ՄԱՏԹԷՈՍԵԱՆ ՎԱՐԴԱՆ / MATIOSSIAN VARTAN
(arm)
Նոր Ջուղայեցիները Սպանիոյ եւ Հարաւային Ամերիկայի մէջ (Ժէ.-Ժը. դարեր)
New Julfa Armenians in Spain and South America (seventeenth-eighteenth centuries) 

Bazmavep 2021 / 3-4, pp. 200-231

The expansion of New Julfa merchants had a worldwide scope in the se­ven­teenth century. In the Far East, one can remember Hovhannes Jughayetsi and his travels to Nepal and Tibet around the 1680s, of which he left tangible proof in his ledger book. At the same time, the teacher Kostandin Jughayetsi wrote his treatise on commerce (published in 2020), in which he mentioned scores of places reached by his fellow citizens. Among them he listed Spain and “Yeni Dunia” (New World), in the Far West.

It is hardly a coincidence that Martin the Armenian, the very first one mentioned by name in North America (1619), was from Persia and probably from New Julfa. We have every reason to think that the first Armenian men­tioned by name in South America ten years later (1629), marrying a local from present-day Bolivia, was also from New Julfa, even if he is said to have been born in Erevan. (One of the neighborhoods of New Julfa was named Erevan.) He was called Jacome (Hakob) the Armenian.

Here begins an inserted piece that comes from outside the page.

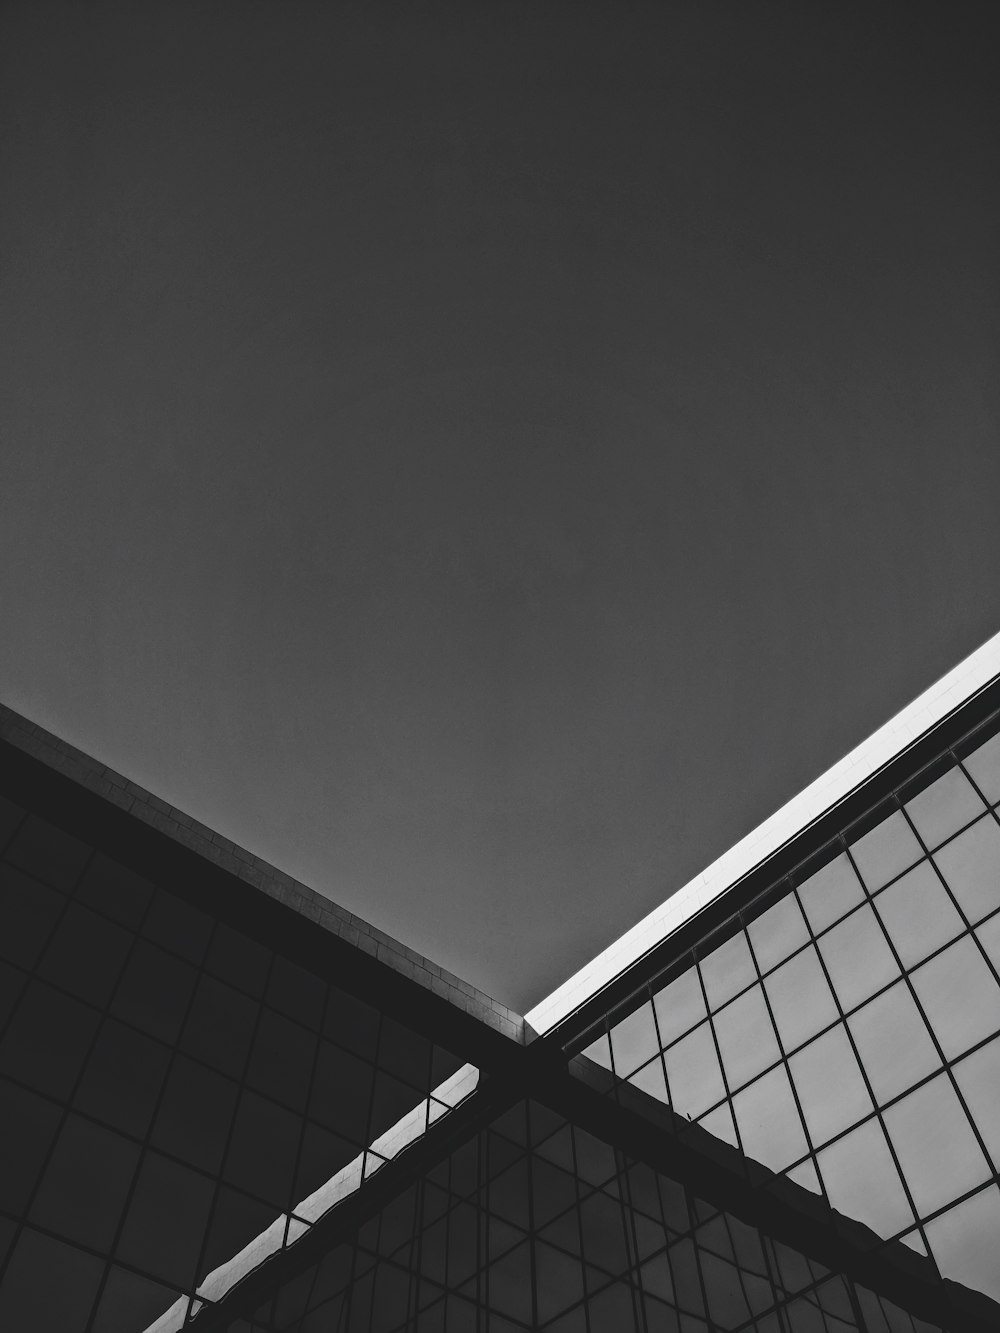 建物の屋根の白黒写真

By 1660 a small but noticeable Armenian community coming from Nor Julfa started settling in Cadiz, the main Spanish port and doorstep to and from the New World. There were scattered Armenians, or perhaps small groups in other cities of Spain, such as Seville, since an edict by King Charles II expelled them from the country in 1685, although the community of Cadiz was spared.

The article outlines and contextualizes the Armenian presence in Cadiz and Seville, and its ramifications in South America, gathering all references avail­able so far.